There is a lot here, and I am going to go ahead and close this issue for now. If you're available to assist in implementing any of these methods, please open a separate issue for a single method/ Please review the code for implementing custom add_p() and add_difference() methods, and include codes to implementing the method you're requesting.

[Generalized]

Dear @ddsjoberg , Thank you for your explanations.

I found this file: https://github.com/ddsjoberg/gtsummary/blob/3c63f7200630e22d1496e9c4b0e8bb50e2fa5807/R/utils-add_p_tests.R and it's a brilliant starter, as you have already managed a number of important challenges (e.g. completeness of paired data). I can reuse this code to make it consistent with your current way.

Since I don't know/use GitHub, I will follow your advice on creating a separate issue per method with the code based on the existing examples.

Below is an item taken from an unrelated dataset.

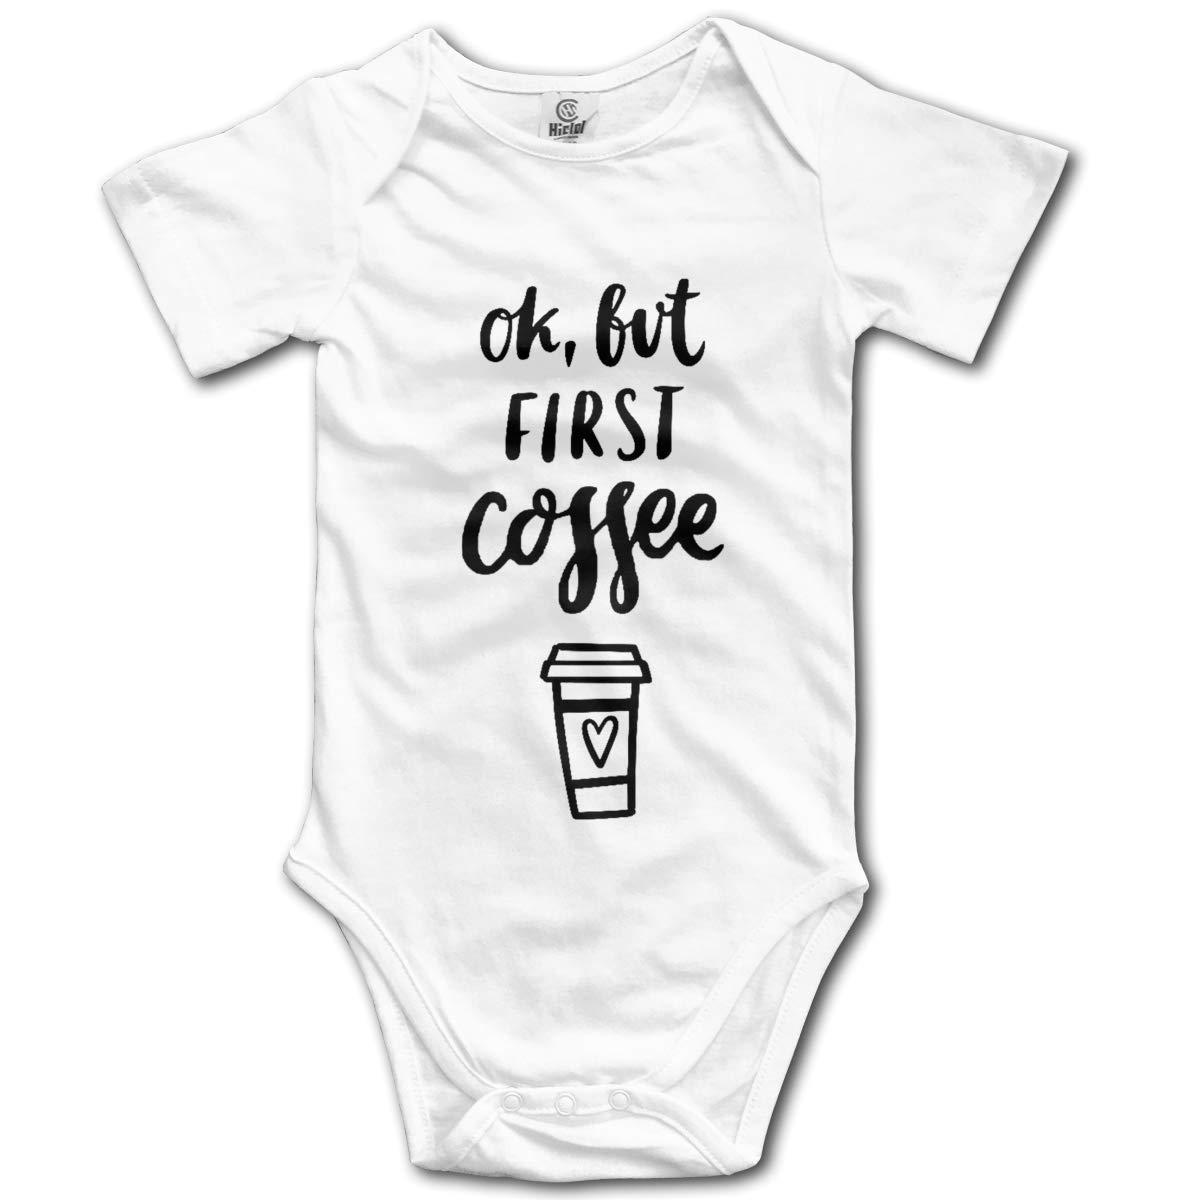 VANMASS Babys OK But First Coffee Short Sleeve Climbing Bodysuits Jumpsuit Romper

I have just 3 technical questions: 1) I noticed that the methods comparing several groups are 1-way, am I right? I guess it's because it "naturally fits" the layout of a table with group means in subsequent rows + overall (global) test of them. For n-way the representation would be tricky how to present it and very challenging (bearing in mind type 2/3, various methods like LRT vs. Wald's, different engines via emmeans, car::Anova, stats::anova, lmTest and lmtest, clubSandwich), which is not the goal of this package (table summaries with several helpers, not a general testing engine).

2) I fully concur with your that multiplying dependencies makes the whole package unstable. But the issue is that several key methods, like the gls() (for clustered/repeated data with selected covariance structure), like geeglm (for the marginal logistic regression for repeated data), or brunnermunzel.test, anderson.darling (for 2 numerical variables), a test for comparing quantiles (medians, any other quantile; typically via quantile regression and Harrell-Davis method, e.g. in WRS2::qcomhd) would need reference to their packages (nlme, geepack, brunnermunzel, kSamples, WRS2) respectively.

I fully know the pain with R packages! Today a package exists, and tomorrow it's nothing but a memory... But at least nlme, geepack and WRS2 are stable for abut a decade, so I guess relying on then should be "no less safe" than using the others. I will just propose a few solutions (I hope still this year) so you can finally decide if it's worth integrating with the package, right?

3) For several of these methods there are confidence intervals available. If a test gives a CI, where should I put it? As a "slot" returned by the add_p()? For example, the add_p_test_ancova_lme4() or add_p_test_cohens_d() gives it this way. Should I follow this approach?

[ddsjoberg]

• Yes, everything is one-way comparisons. Those fit nicely with add_p() and add_difference(). You can use add_stat() to add custom statistics that are multiple columns/rows.
• Please review the document for writing custom methods. The output must match the standard "tidy" output from the {broom} pkg, e.g. estimate is the difference, conf.low lower bound, conf.high upper bound, p.value is the p-value, etc.